Space

Gamma-Ray Bursts Might Have a Really Weird Time-Reversible Mirroring Effect


Gamma-ray bursts are the brightest and most energetic events in the Universe. They’re also some of the more mysterious – but now researchers have made a discovery that could help us understand the conditions under which they occur.

 

The light curves of six gamma-ray burst events showed evidence of complex time-reversible wavelike structures – that is, there was an event in each pulse in which time seemed to repeat itself backwards.

It could also tell us something about the death of massive stars.

We’re not entirely sure what produces gamma-ray bursts. They can last from a few milliseconds to several hours, and they’re extraordinarily bright.

We know, thanks to the amazing gravitational wave discovery of colliding neutron stars, that this is one type of event that can produce a gamma-ray burst.

But there are likely others, too. Astronomers think these include the collapse of a rapidly spinning massive star into either a neutron star, a quark star (which is still a hypothetical object) or a black hole, producing a supernova or hypernova in the process.

We can only detect them when the beam is pointed directly at us, and most take place billions of light-years away. This requires some pretty sensitive equipment, often of the optical variety, which means there’s a fair bit of noise mixed up with the signal.

 

That doesn’t mean the bursts are difficult to detect – NASA’s gamma-ray burst observatory Swift, for instance, which was launched in 2004, had detected 1,000 bursts by late 2015.

But all that noise means that the finer details of the bursts’ light curves can be difficult to tease out.

And low instrumental sensitivity, the researchers found, results in a lower resolution signal, “smearing” the structure of a gamma-ray burst pulse light curve.

This results in a triple-peaked appearance for medium bursts, and a single peak for faint ones at low signal-to-noise.

To attempt to minimise this effect, the researchers found six exceptionally bright gamma-ray bursts in the data from the BATSE instrument on NASA’s Compton Gamma Ray Observatory, in operation from 1991 to 2000.

This is where they found the complex time-reversible wavelike structures; and, moreover, only the brightest gamma-ray burst light curves had them.

So, what does this actually mean? It could mean that some sort of impactor – a clump of particles like electrons or ions, or a condensed wave such as a soliton – was ejected at high velocity by the central object.

 

As this impactor moves through the clouds of material previously ejected by the dying star, it produces an emission.

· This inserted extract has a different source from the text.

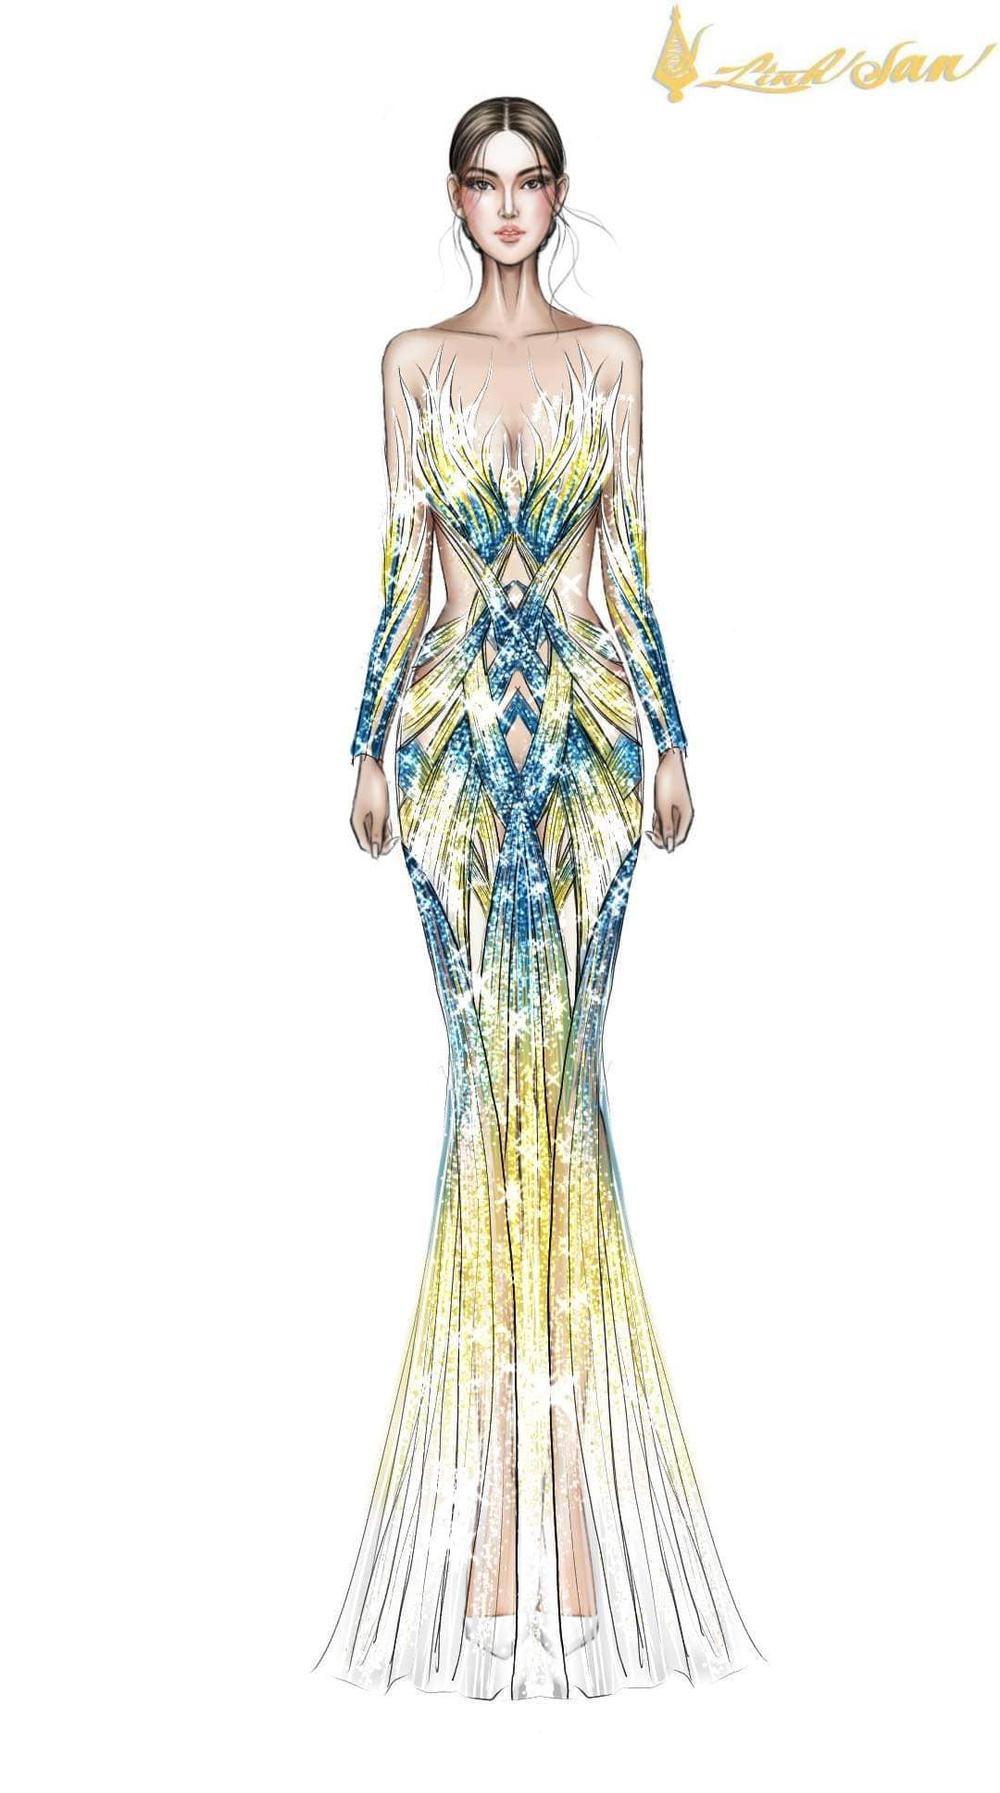 7 bộ váy dạ hội đẹp tinh xảo mà Ngọc Thảo không có cơ hội trình diễn tại Miss Grand International Ảnh 12

If it’s partially reflected back through the same clouds, it will produce a similar, but fainter, emission in reverse.

Another explanation is if the clouds of material have some sort of radial bilateral symmetry – like a series of concentric rings – and the impactor moves through them in one direction, without being reflected.

Think of an object moving across a target from one side to the other. The centre of the target is denser clouds than the rings. When the impactor passes through this region, it creates the appearance of a ‘reflected signal’ – although the researchers aren’t sure why.

The research, the team believes, should provide astrophysicists with a new set of tools for understanding stellar death and black hole formation.

“The existence of time-reversed pulse structure leads us to believe that physical models of GRB pulses must contain strong physical symmetries and an interaction with a single impactor,” they wrote in their paper.

“We have explored a number of simple kinematic models, and find that either the distribution of impacted material in a [gamma-ray burst] jet must be bilateral-symmetrically distributed and impacted by a single impactor, a physical phenomenon is responsible for reversing the course of a single impactor, or a single impactor creates emission in bilateral-symmetrically distributed material as it passes through it.”

The paper will be appearing in The Astrophysical Journal, and is available on preprint resource arXiv.